Surgical Indications

Surgical indications for syphilitic aortic aneurysm include:

  • Symptom relief
  • Prevention of aortic rupture or sudden death
  • Aortic valve insufficiency
  • Aortic aneurysm
  • Syphilis 5

Importance of Early Diagnosis and Treatment

Early diagnosis and treatment of syphilitic aortic aneurysm are crucial to prevent life-threatening complications and improve patient outcomes 4, 3, 6. A high index of suspicion is required for the early recognition of syphilitic aortic aneurysm, especially in patients with a history of untreated syphilis or those presenting with deceptive clinical symptoms 3.

References

Guideline

Guideline Directed Topic Overview

Dr.Oracle Medical Advisory Board & Editors, 2025

Research

Syphilitic Aortitis Diagnosis in Clinical Setting.

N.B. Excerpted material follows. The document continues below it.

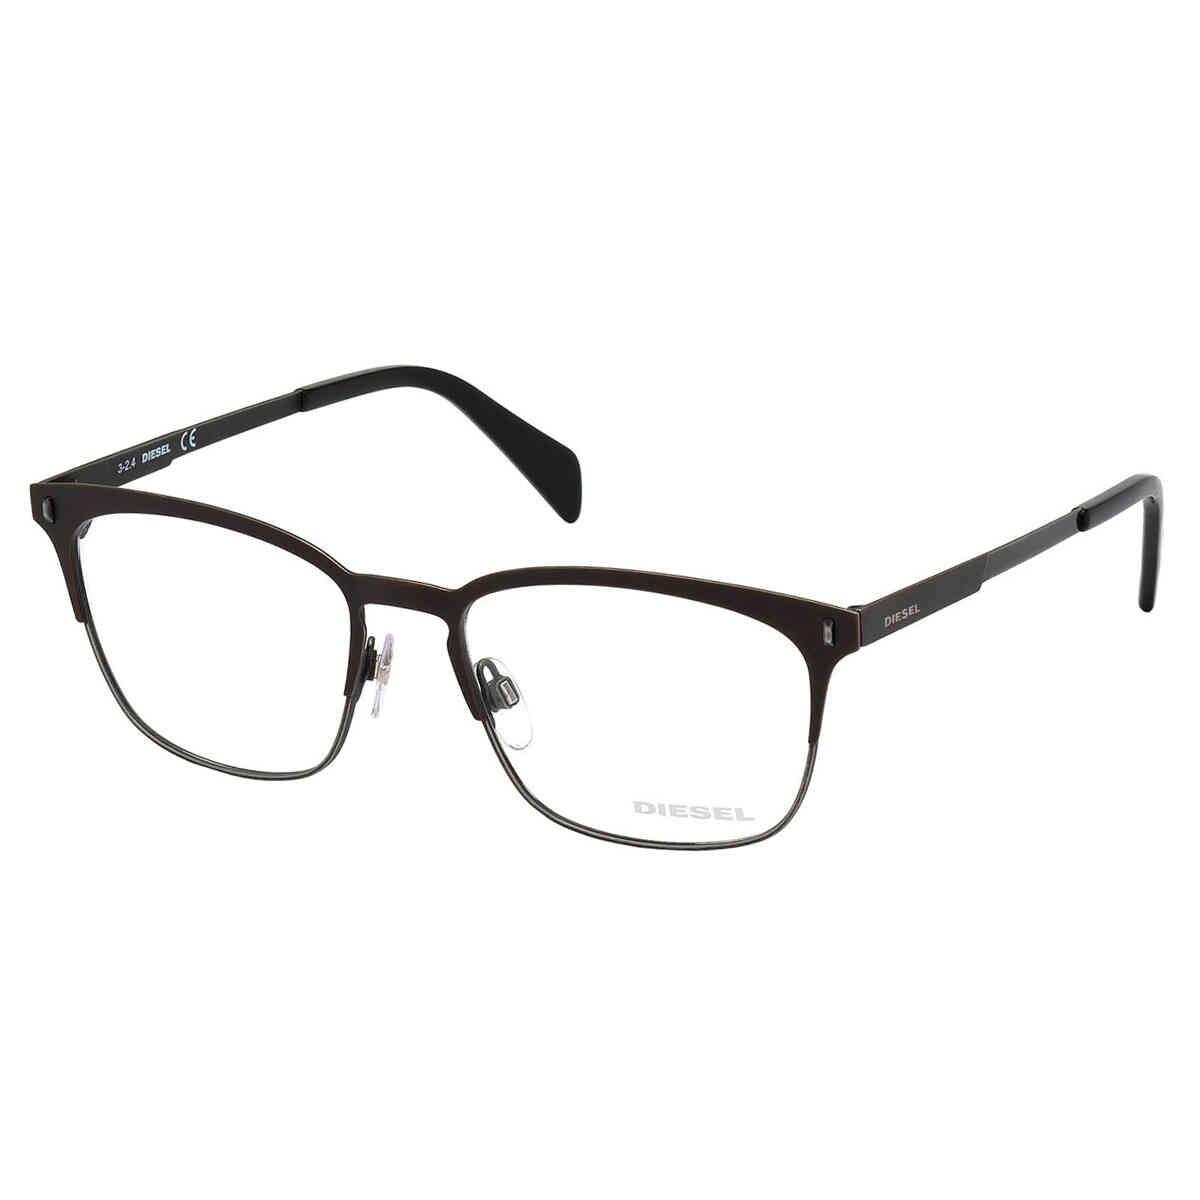 Óculos de Grau Diesel Masculino DL5121

Revista portuguesa de cirurgia cardio-toracica e vascular : orgao oficial da Sociedade Portuguesa de Cirurgia Cardio-Toracica e Vascular, 2017

Professional Medical Disclaimer

This information is intended for healthcare professionals. Any medical decision-making should rely on clinical judgment and independently verified information. The content provided herein does not replace professional discretion and should be considered supplementary to established clinical guidelines. Healthcare providers should verify all information against primary literature and current practice standards before application in patient care. Dr.Oracle assumes no liability for clinical decisions based on this content.